That way you get to pitch for growing the top-line (i.e. creating dollars that
didn't exist before your software came on the scene) vs. bottom-line savings
that just cut costs.

Not to throw cold water on your idea, but I have deep reservations that pure
technical expertise in generic enterprise development/implementation will win
anyone over. All of the big guys plus numerous other consulting companies
already offer this, with much more name recognition (deserved or not) than you
will have. Additionally, one of the main features of packaged software is that
customers not only are loathe to manage a development process, they are
reluctant to even engage one in the first place.
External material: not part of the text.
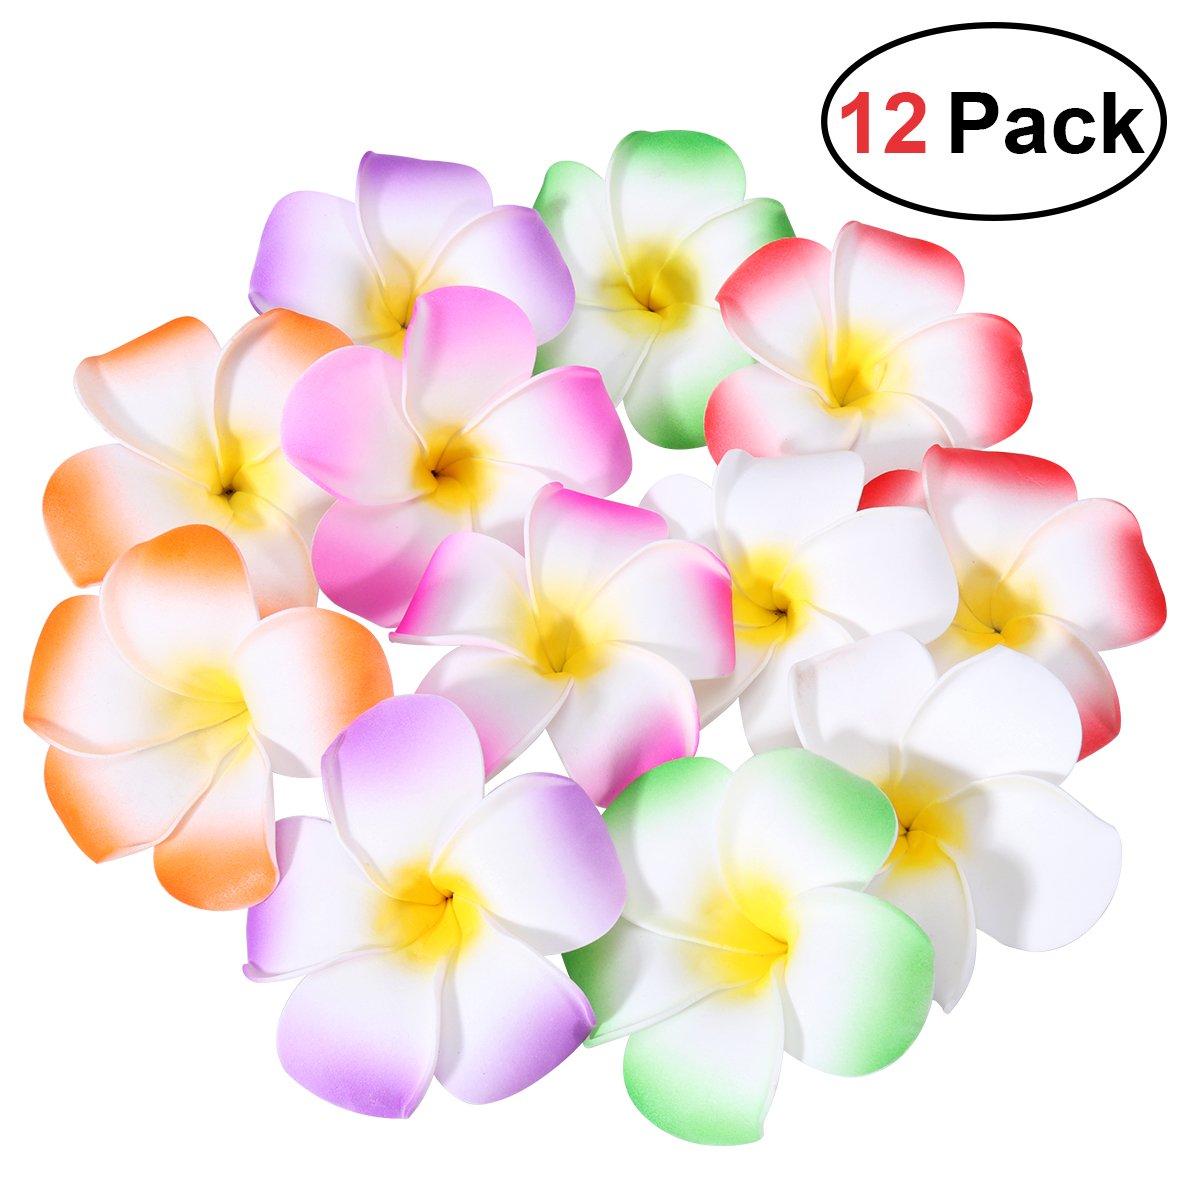 Frcolor FRCOLOR fleur pinces à cheveux, hawaïen fleur d'hibiscus pince à cheveux Barrettes multicolore mousse pince à cheveux accessoire pour les filles femmes plage vacances de mariage, paquet de 12

But if you can distinguish yourself by being The Smartest and Best (TM) in a
particular business area, all of your skills in execution can back that up and
create a winning operation. But without that domain focus and expertise the
story is much less compelling.

------
bokonist
Here's the biggest challenge I think you face. Because ERP is so entwined in a
how a company does business, it's really hard to create a "bottom-up"
solution. Executives have to be involved, you'll need sales people to explain
things, and - most important - you won't really know how it goes until after
the implementation. This means there is little incentive to create good
software. Once the customer has spent a ton of time customizing it and
retraining employees, they're not going to switch away just because the
product kind of sucks. The highest quality software is found in consumer apps
like GMail that are really easy to switch away from.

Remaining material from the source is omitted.